Caris Life Sciences picks up $400M after launching 22,000-gene cancer blood test

After blowing past the $1 billion mark in its lifetime funding tally with back-to-back chart-topping funding rounds in 2020 and 2021, Caris Life Sciences took a breather in 2022.

But break time is over for the liquid biopsy maker: Caris announced Thursday that it has roped in another $400 million in debt financing. Backing the senior secured term loan are OrbiMed and Braidwell; the former led the financing and also participated in Caris’ last two fundraising rounds.

With the latest influx of funds, Caris is now a stone’s throw from having raised $2 billion in less than a decade. According to the company, it has raked in approximately $1.7 billion since 2018.

The debt financing will, perhaps appropriately, help Caris pay off other outstanding debt. The Dallas-area company will also use the funds to continue building out its precision medicine platform, which uses artificial intelligence to sift through an individual’s entire genome for signs of cancer and predict how they’ll respond to various treatments.
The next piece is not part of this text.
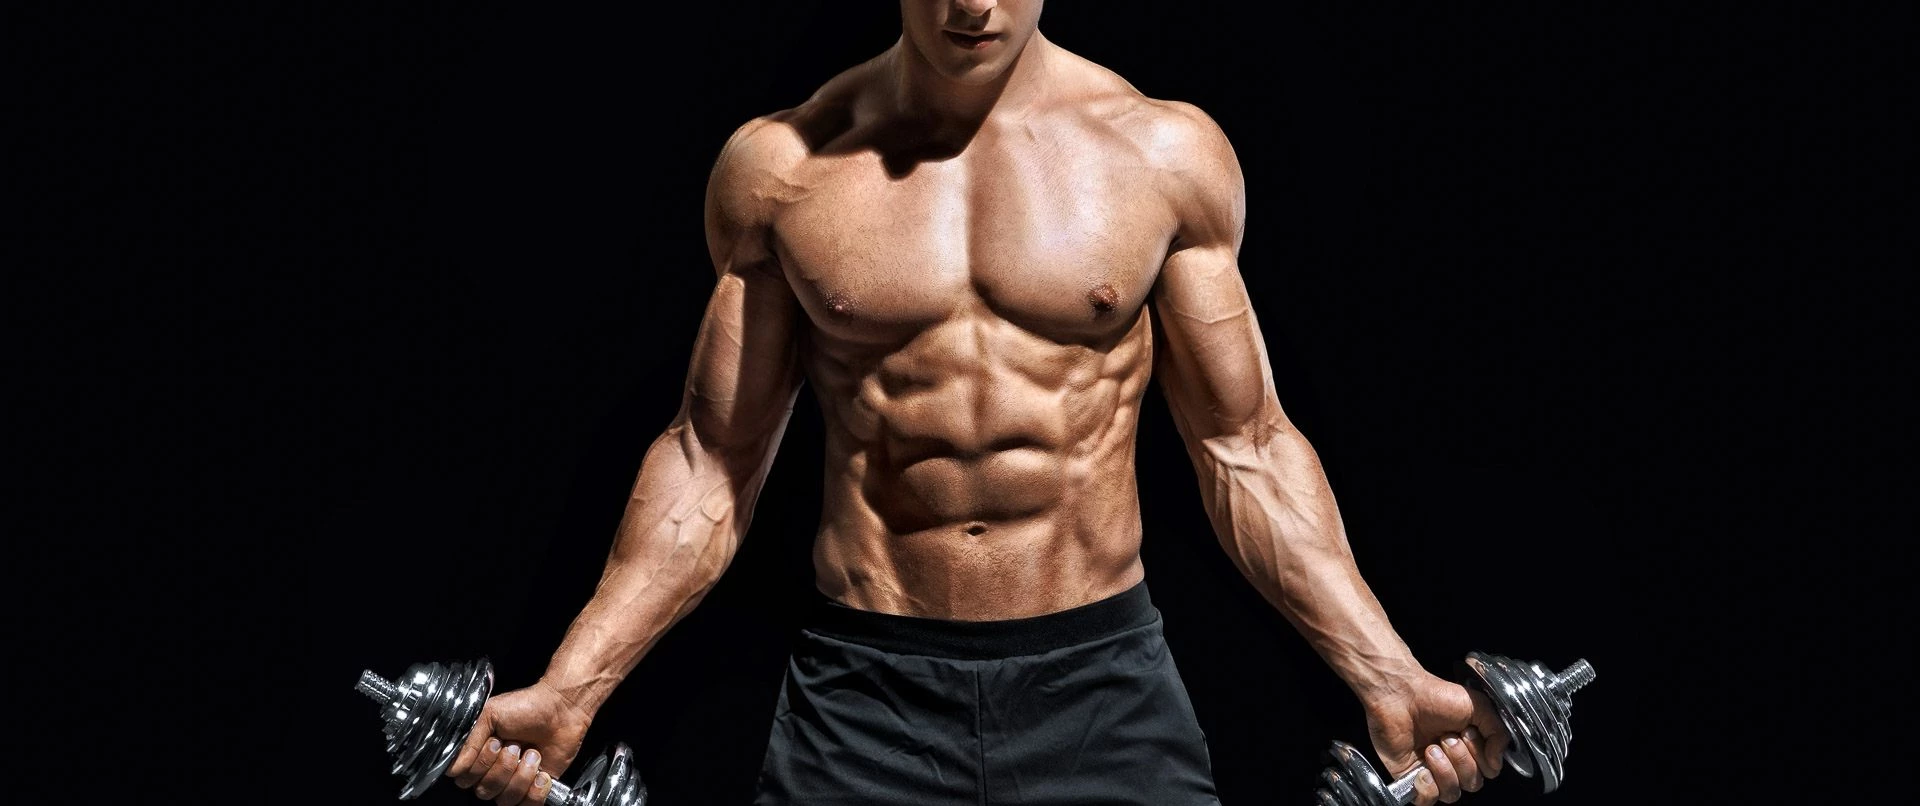 The effect of anabolic steroids on the body

“Over the past decade, Caris has continued to raise the standard for molecular testing, beginning with offering whole exome and whole transcriptome [sequencing] in tissue, to now offering the same in liquid biopsy,” said David Halbert, Caris’ founder and CEO. “We are making breakthroughs with artificial intelligence and machine learning that enhance and change our understanding of cancer as a disease. This additional capital will allow us to pursue that mission with even more intense focus as we invest in our technologies and product pipeline.”

The most recent addition to Caris’ offerings is the Assure molecular profiling assay, which it introduced at the annual American Society of Clinical Oncology meeting last June. At the time, the company laid out its plans to begin a limited rollout of the blood-based test during the third quarter of 2022 then expand its reach throughout the next several months.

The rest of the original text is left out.